WASHINGTON — The chairmen of House and Senate Veterans Affairs Committees on Sunday decried long waits and backlogs at the nations VA hospitals but stopped short of calling for the resignation of Veterans Affairs Secretary Eric Shinseki.
“You’ve got an entrenched bureaucracy that exists out there that is not held accountable, that is shooting for goals, goals that are not helping the veterans,” said Rep. Jeff Miller, R-Fla., chairman of the House panel
“I think some people may by cooking the books” to suggest waiting times are shorter that they actually are, said Sen. Bernie Sanders, a Vermont independent who chairs the counterpart Senate committee.
Both chairmen were interviewed on CNN’s “State of the Union.”
Meanwhile, Sen. Richard Blumenthal, D-Conn., said on CBS’ “Face the Nation” that the Justice Department “has to be involved.” He said there is “credible and specific evidence of criminal wrongdoing across the country” at VA hospitals.
“We’re not rushing to judgment.

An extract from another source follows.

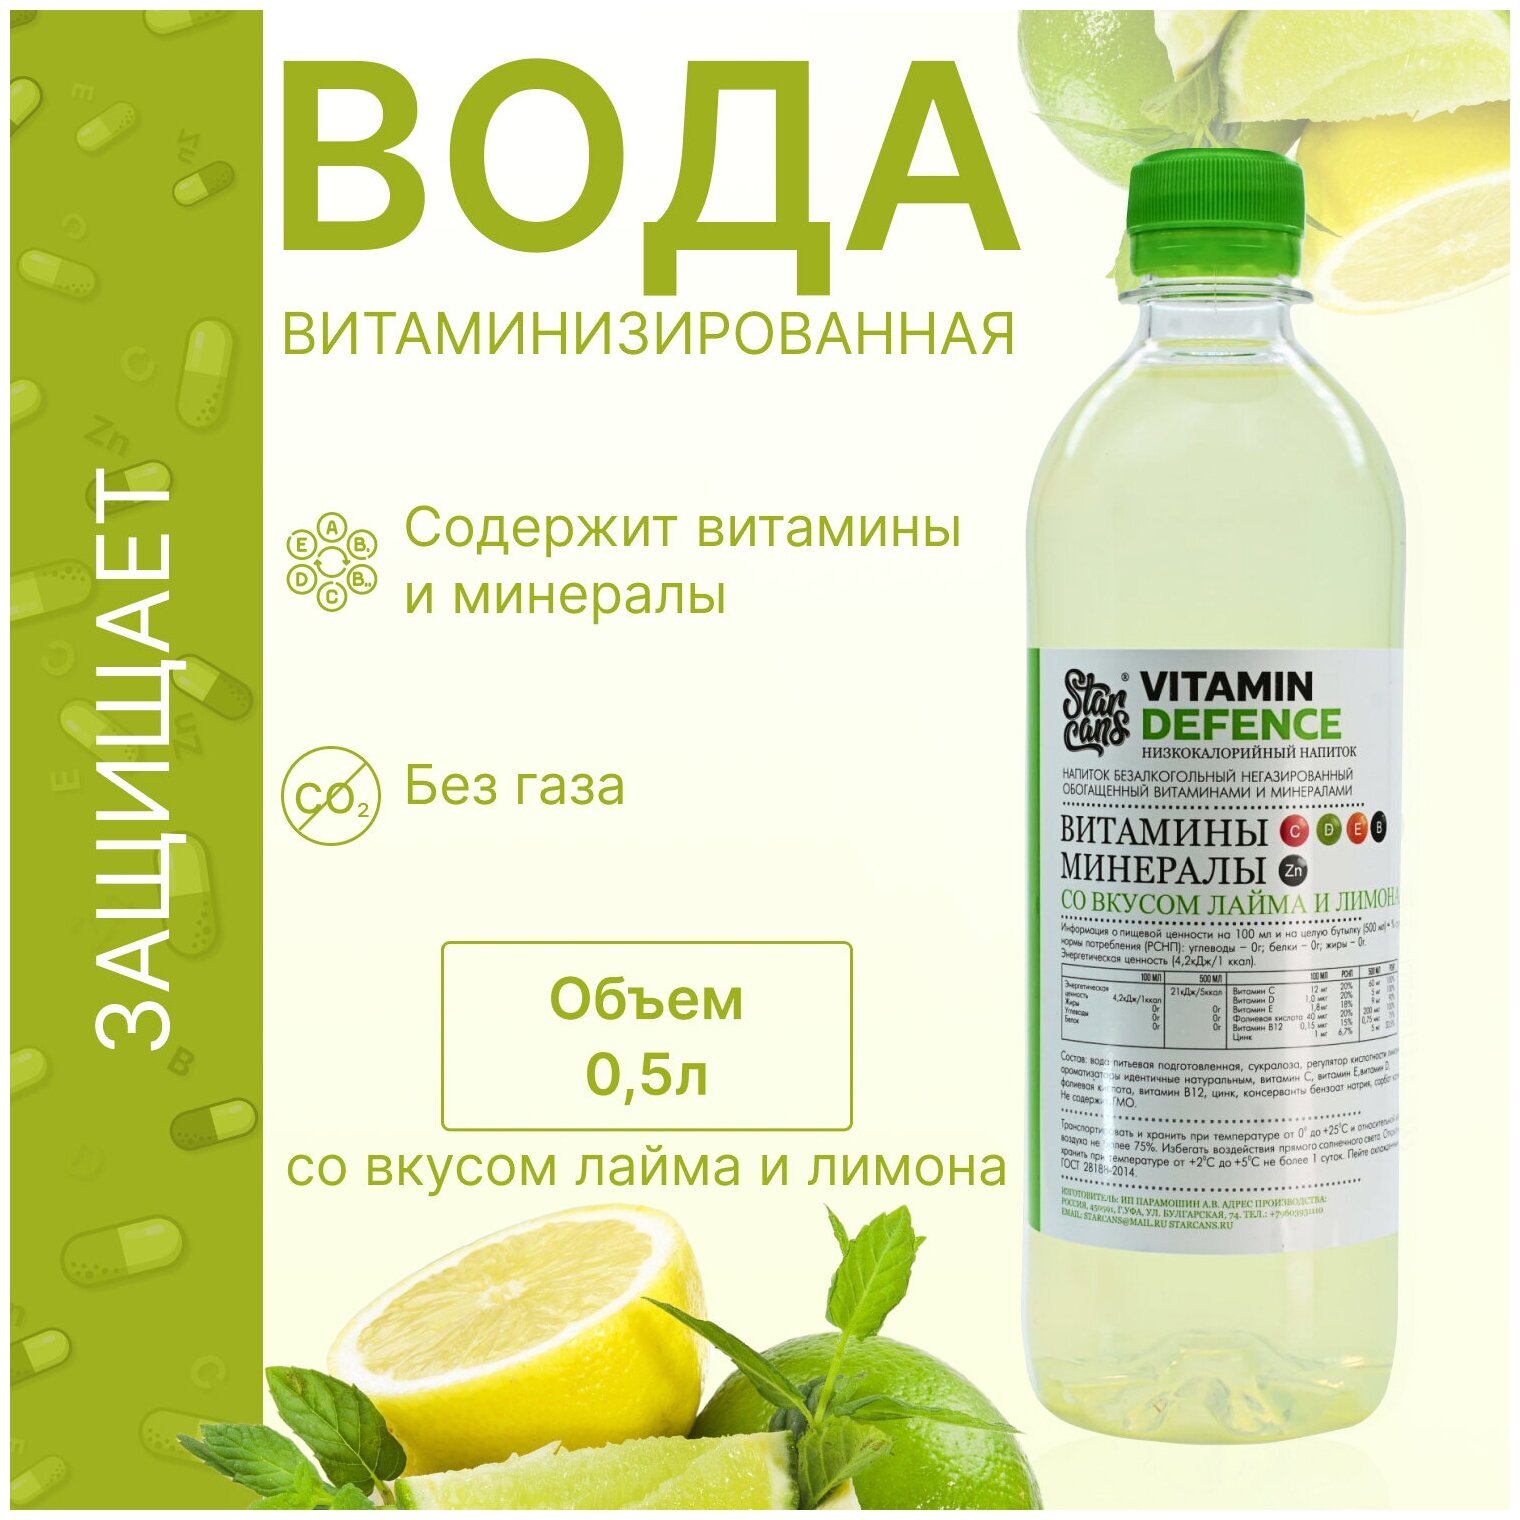 Vitamin DEFENCE Напиток витаминизированный со вкусом Лайма и Лимона негазированный низкокалорийный 12 шт по 500 мл

But the Department of Justice can convene a grand jury, if necessary,” Blumenthal said.
Lawmakers from both parties pressed for policy changes and better management as the Department of Veterans Affairs confronts allegations about treatment delays and falsified records at VA centers around the country. The program serves nearly 9 million veterans.
Army Gen. Martin Dempsey, the chairman of the Joint Chiefs of Staff, in a prerecorded interview broadcast Sunday on ABC’s “This Week,” called the VA’s current problems “outrageous — if the allegations are documented and proven. And I suspect some of them will be.”

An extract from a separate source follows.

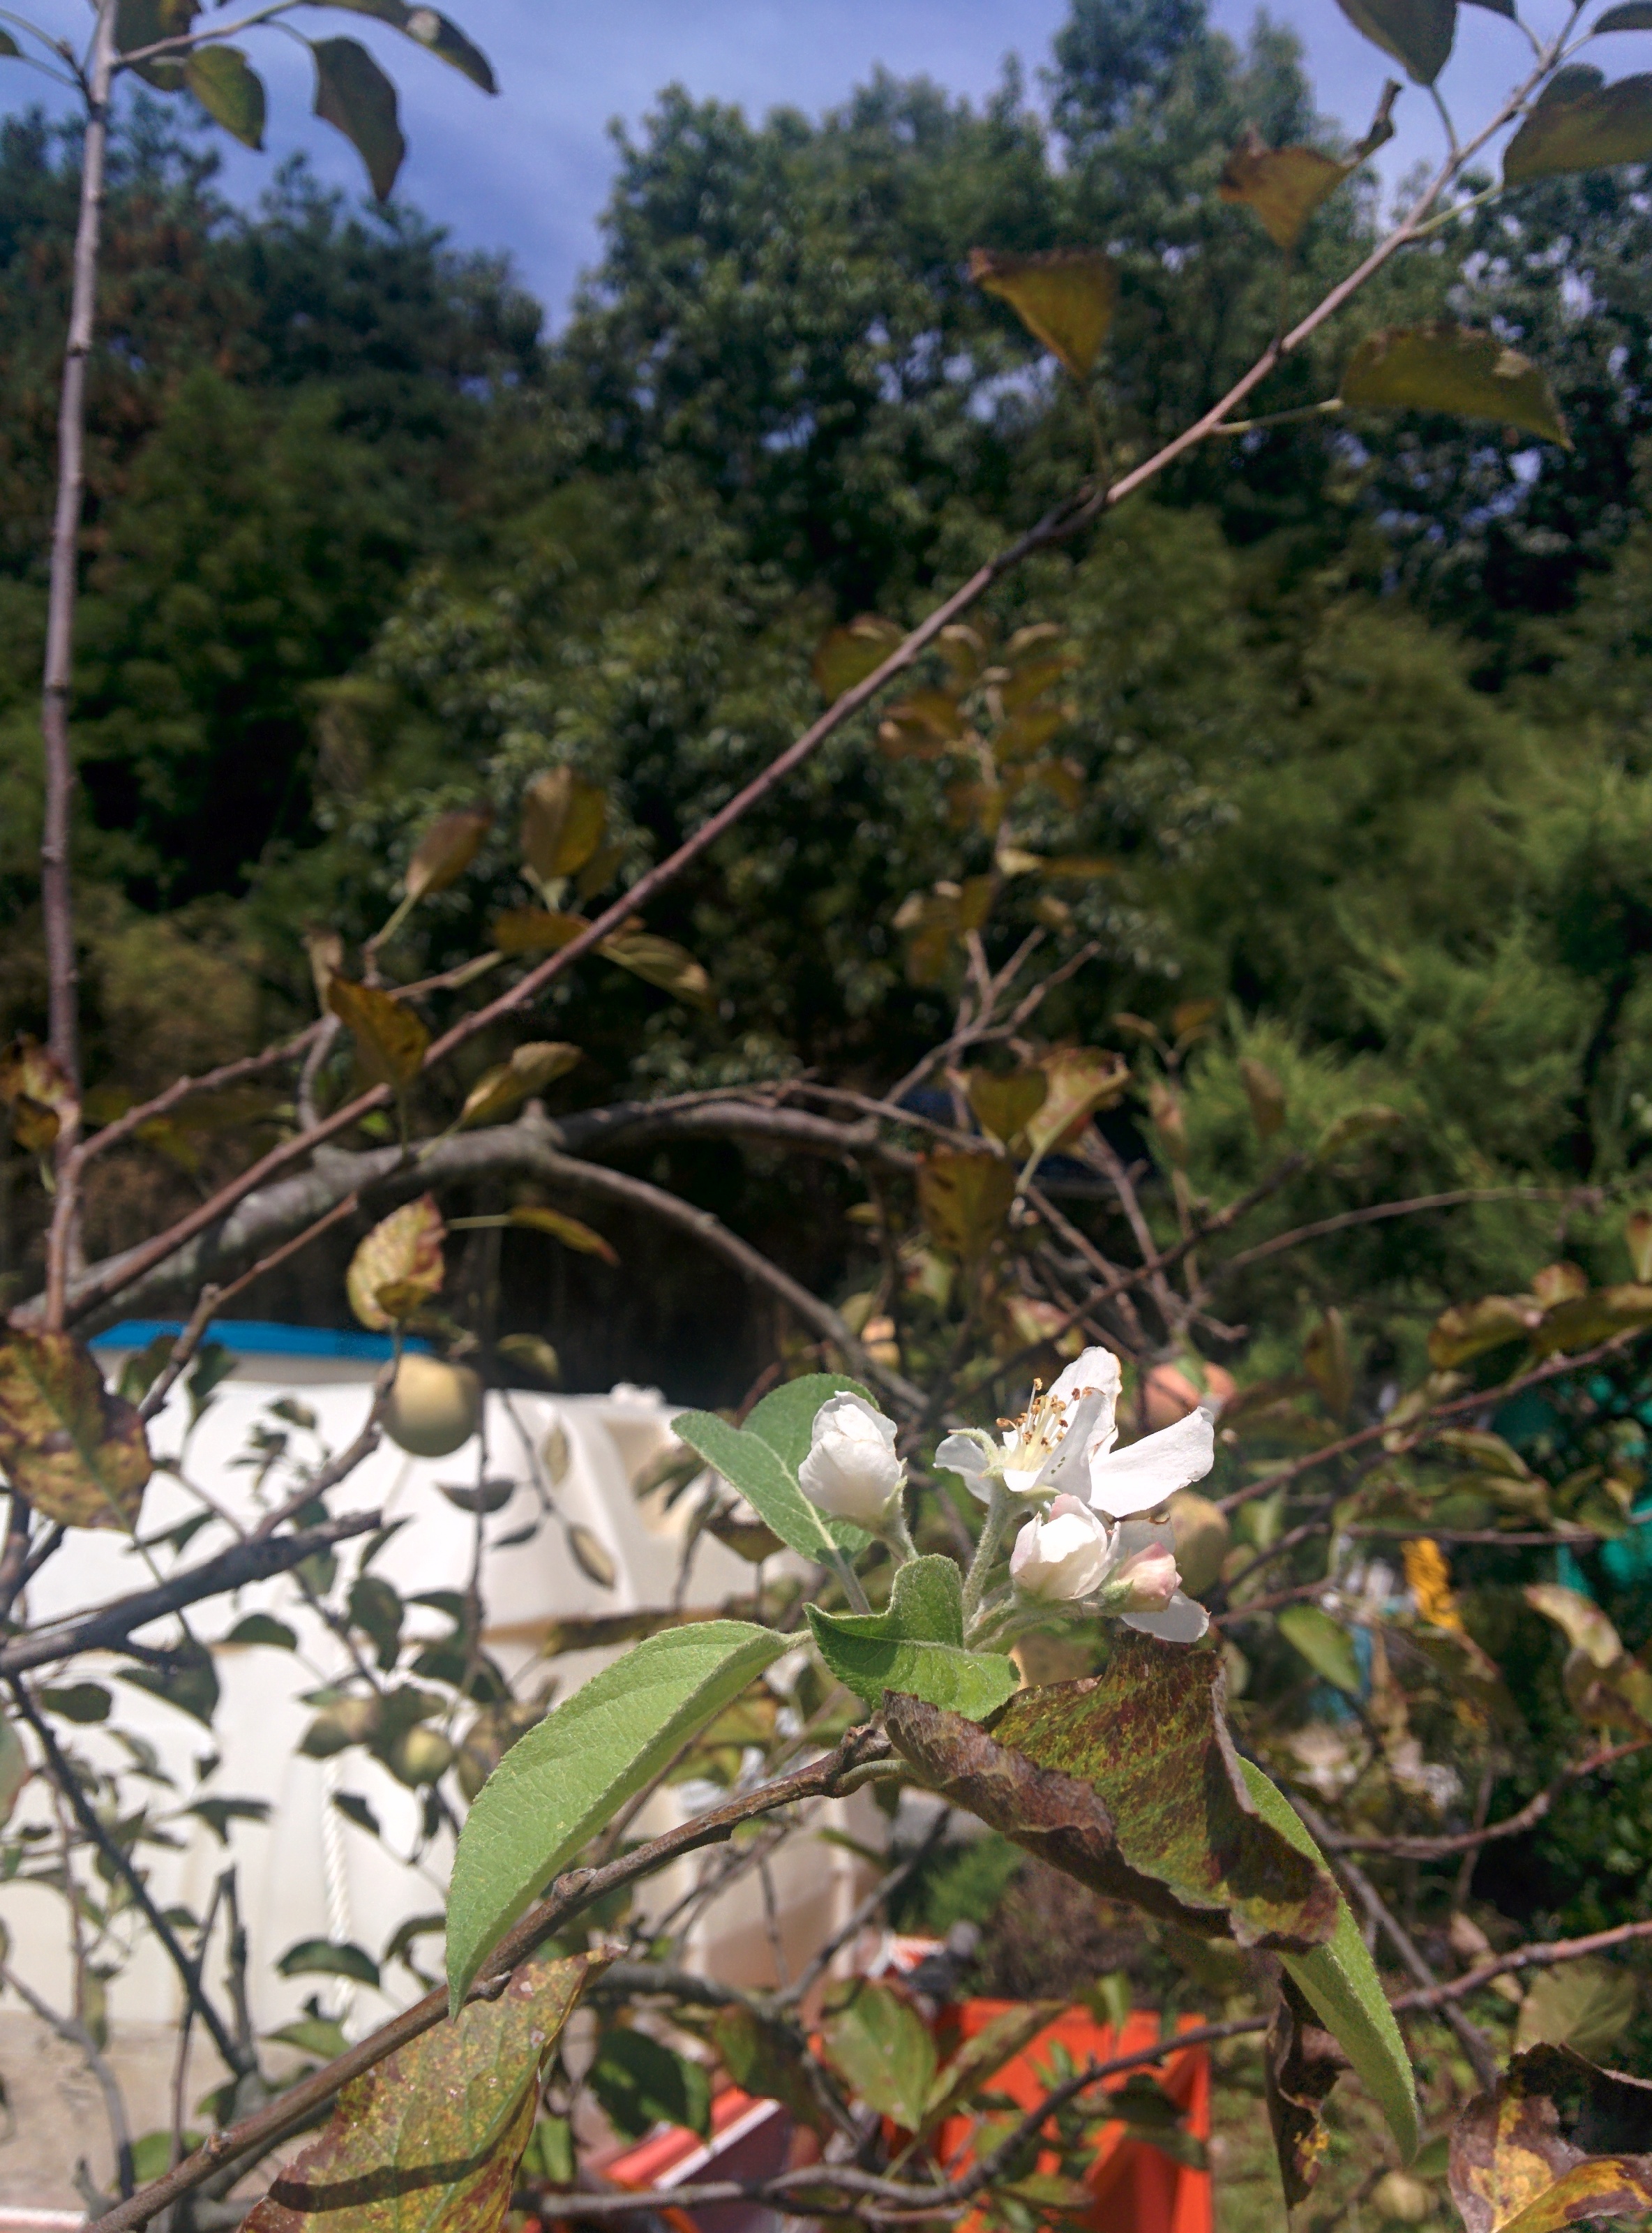 IMG_20150914_124354.jpg 때늦게 하얀 꽃을 피우는 사과나무

“They’ve got to be held accountable,” Dempsey said, adding that Shinseki “has made it very clear that they will be held accountable.”
The department’s inspector general said 26 VA facilities are under investigation, including the Phoenix VA hospital, where a former clinic director said as many as 40 veterans may have died while awaiting treatment.
Officials also are investigating claims VA employees falsified appointment records to cover up delays in care. An initial review of 17 people who died while awaiting appointments in Phoenix found none of their deaths appeared to have been caused by delays in treatment.
The allegations raised fresh concerns about the administration’s management of a department struggling to keep up with the influx of veterans returning home from the wars in Iraq and Afghanistan, and Vietnam veterans needing more care as they age.
“You know, if we are going to send people off to war, we have a solemn promise to make sure that when they come home, we are going to take care of them,” Sanders said.